この状況に対処するための提案には、国際規格策定機関の活動に影響を与えること、および電気通信会社に[盗聴可能な]技術的要件を強制する新たな法律を導入することが含まれる。EuropolとEUのテロ対策コーディネーターによると、これは盗聴の可能性を確実に維持するために必要であるという。一方、5Gが「モノのインターネット」のバックボーンを提供すると考えられていることを考えると、既存の合法的傍受の慣行が依然として可能かどうかにかかわらず、膨大な数のデータが法執行機関に利用可能となるだろう。これまでのところ、この問題に関する議論はもっぱら密室で行われてきた。しかし、市民的自由への影響を考えると、もっと大衆的な議論を行う必要がある。

2 合法的傍受にとっての難問

「ファイブアイズ」スパイアライアンスの諸国(オーストラリア、カナダ、ニュージーランド、イギリス、アメリカ)の中でも、法執行機関にとっての5G技術が提起した問題は、オーストラリアでしか公に提起されていないようだ。2018年2月、オーストラリアの内務省および法執行機関は、「電話会社[通信会社]と政府にとって5GおよびIPv6テクノロジは通信にアクセスすることを著しく困難にする」と主張して議会調査を提起した。2

現在議論はEUでも行なわれているが、現時点でそれは密室で行われているだけだ。 EUのテロ対策コーディネーターであるGilles de Kerchoveは、5月初めにEU理事会でEU加盟国の代表団に説明会の文書を送付した。 彼はそれをわかりやすく説明している。

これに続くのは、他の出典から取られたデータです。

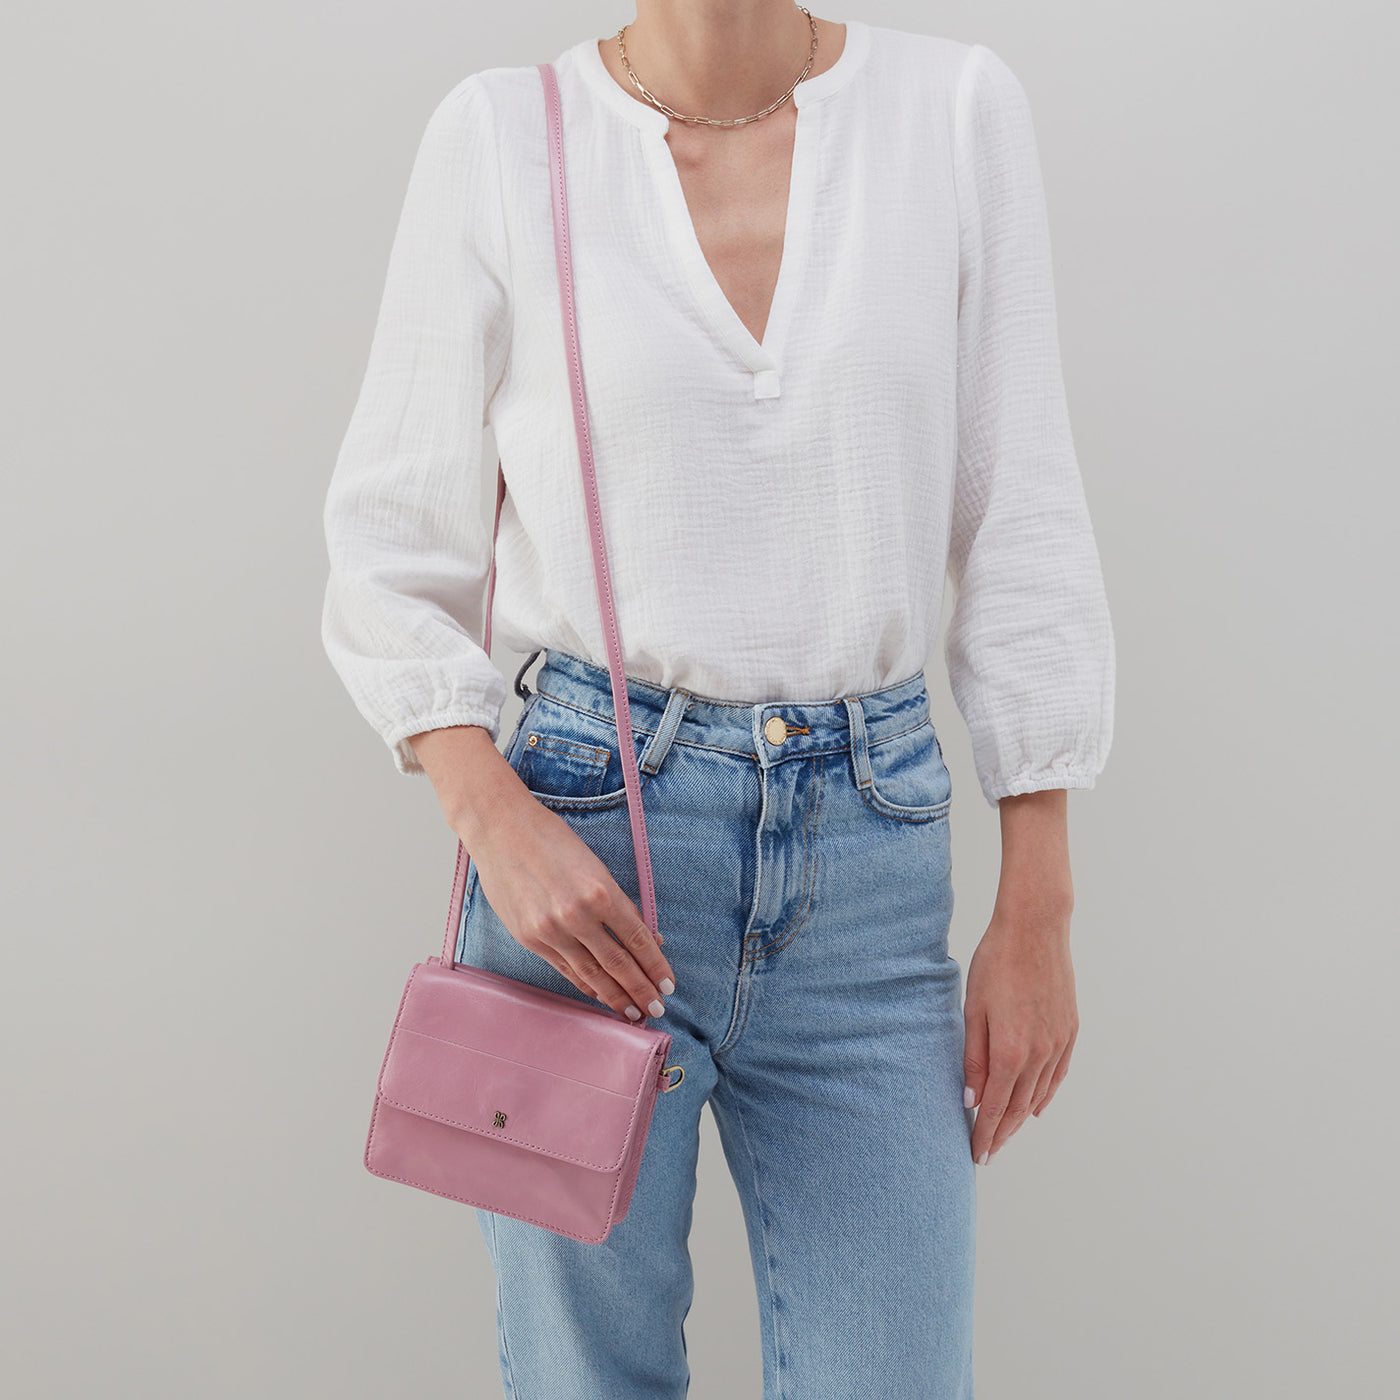 Jill Wallet Crossbody in Polished Leather - Lilac Rose

「5Gは、法執行機関および司法当局による合法的傍受の実施を困難にする。5Gの高いセキュリティ基準と細分化された仮想化アーキテクチャにより、法執行機関および司法当局は貴重なデータへのアクセスを失う可能性がある。」3

技術的問題についての詳細は、Europolが作成し、4月中旬に理事会法執行作業部会(LEWP)に送付する文書に記載されている。4 この文書では、「ユーザの特定とローカライゼーション」および「情報へのアクセシビリティ」という二つを主題としている。

2.1。 個人やそのデバイスの位置と特定

現在、IMSI(国際移動加入者識別)、すなわちあらゆる通信プロセスの間にバックグラウンドで送信され、識別および位置特定のために使用することができる装置に添付された固有のコードを通じて個々の携帯電話を個々に識別することが可能である。 “Europol文書の言葉では、5Gネットワークとデバイスの計画ではIMSIが暗号化される。つまり、「セキュリティ当局はモバイルデバイスを見つけたり識別することができなくなり」、ユーザーデータに対する電気通信会社へ要求によって「デバイスを特定の人物に割り当てることができなくなる」。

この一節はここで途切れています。